Hi, can someone help me with the mixture calculation?

Question

picus48 · Answer

At w=2.5%, 2.5 g of carbonate in 100 g of solution (2.5 g of carbonate+97.5 g of water) are added.

At w=4%, 4 g of carbonate in 100 g of solution (2.5 g of carbonate+97.7 g of water) are obtained.

The invoice is valid for x = 1.6 g:

w = (2.5 + 1.6) g/101.6 g = 0.04035 ==> 4.035%

cg1967 · Answer

Cover:

g of carbonate are contained in 100 g of solution and 4 g are to be obtained. It is necessary to add about 1.5 g to 100 g, i.e. about 3.75 g to 250 g. There are options 4 and 5.

Invoicing:

250 g of solution contain 6.25 g of carbonate on 250 g of solution.

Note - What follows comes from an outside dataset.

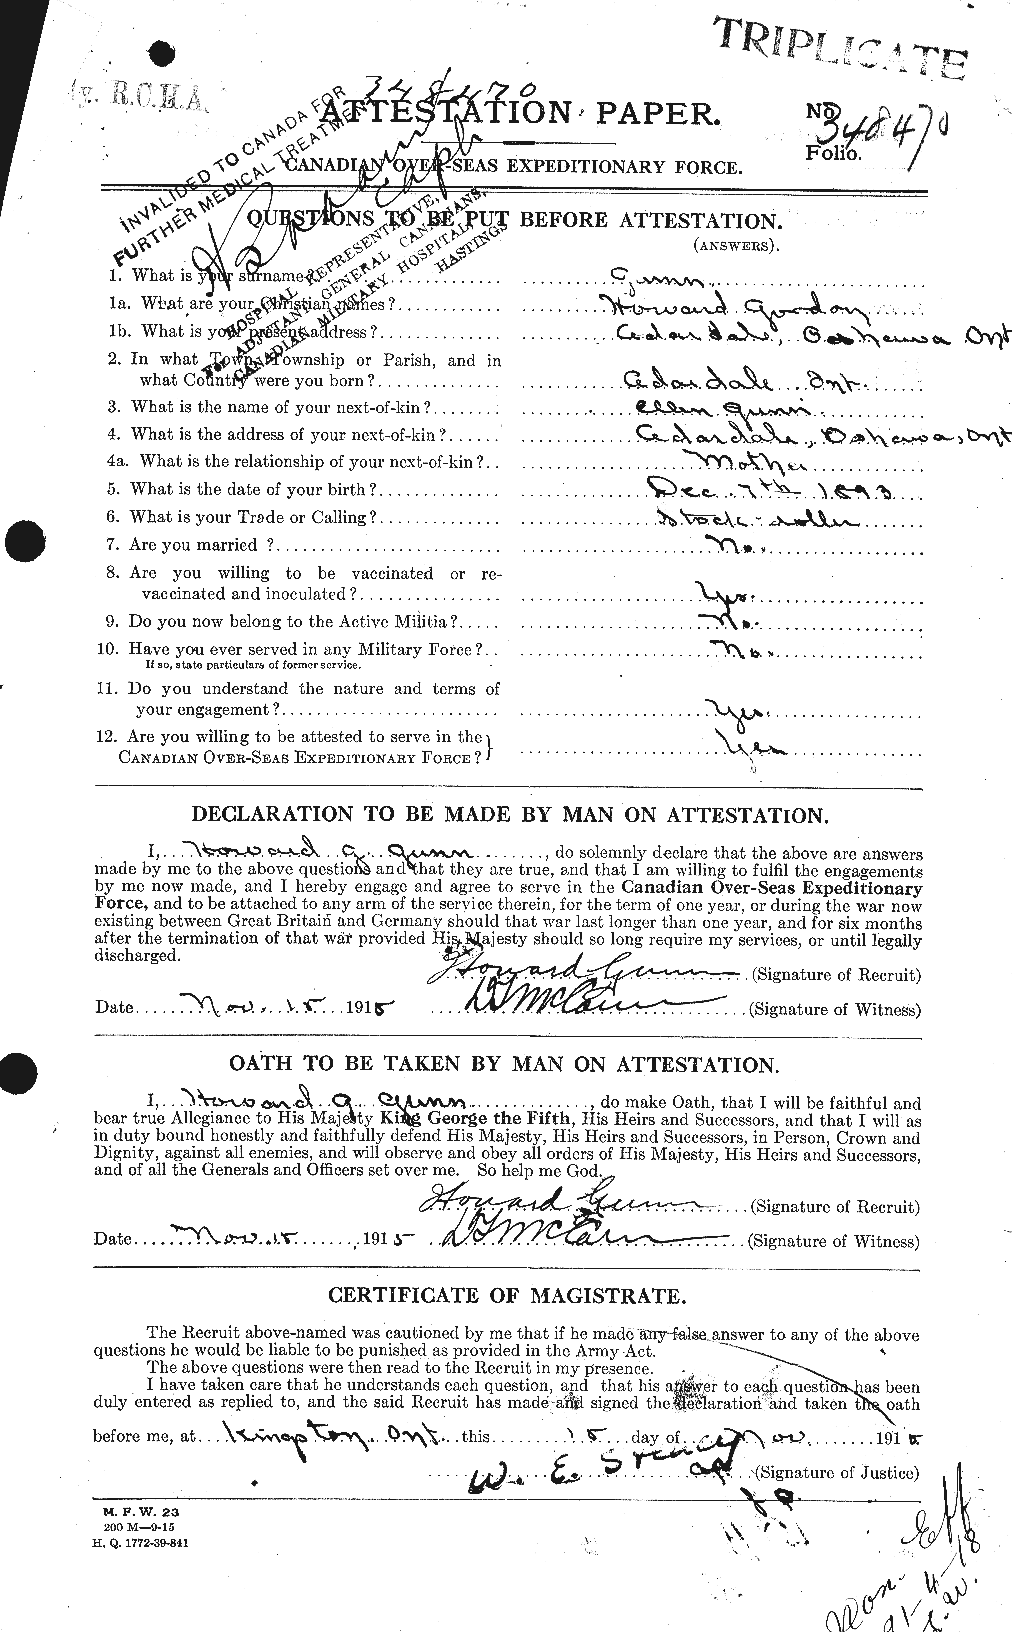 Personnel Records of the First World War - CEF 369260a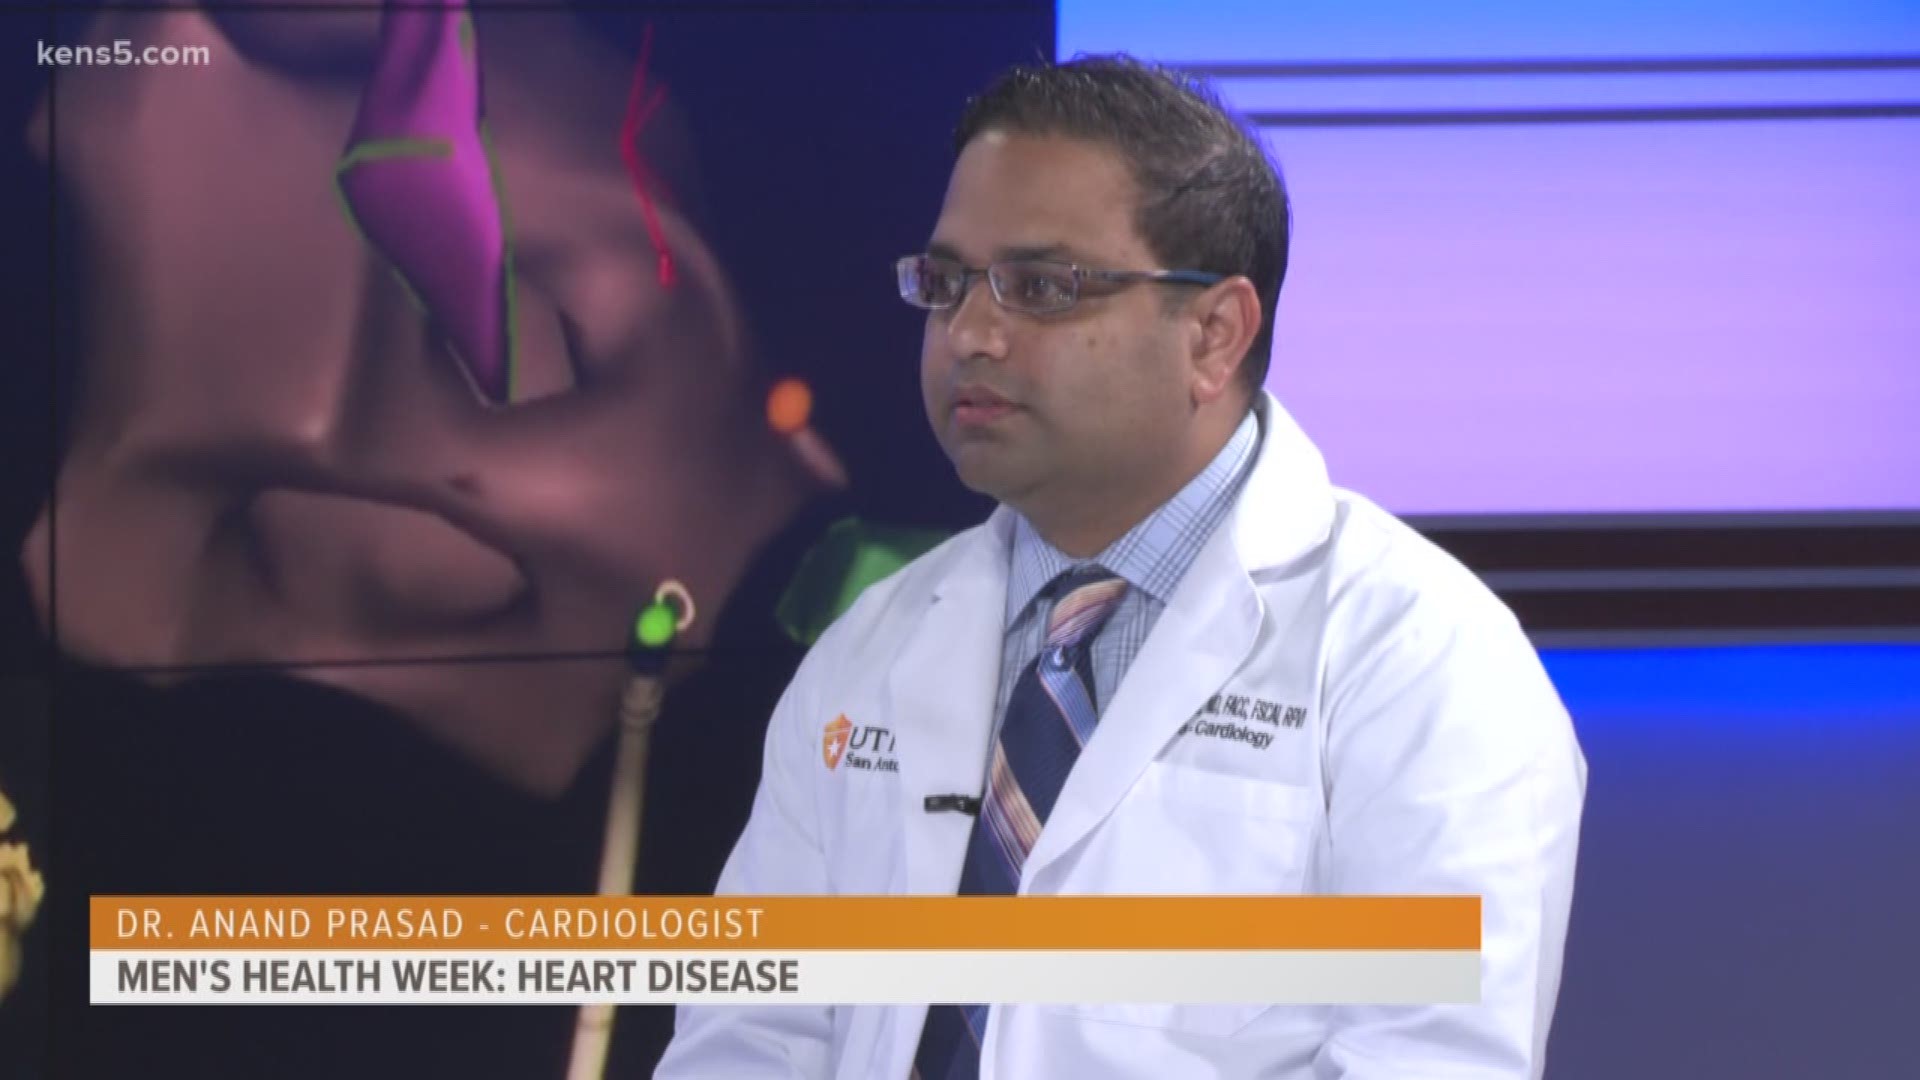 Heart disease is the leading cause of death in the United States. Cardiologist, Dr. Anand Prasad visits the KENS 5 studios to talk about risk factors for heart disease.

Case 1: +3.4 g of carbonate

9.65 g / 253.4 g = 3.81%

Case 2 +3.9 g carbonate

10.15 g / 253.9 g = 4.00%

tomrichter · Answer

Step 1: We calculate how much soda (here is, in chemistry is rather rare, the mass and not the amount of substance in demand) is already in solution:

m1 = w1 * M1

with the conventions that m should be the mass soda, M the mass solution, index 1 before the addition and index 2 after the addition.

The same applies

m2 = w2 * M2

and if we call the mass of the desired addition x, it becomes:

m1 + x = w2 * (M1 + x)

Except x, all variables are given – simply insert and re-form them by x. You know the transformation from the math class, you need to practice again and again, so if necessary!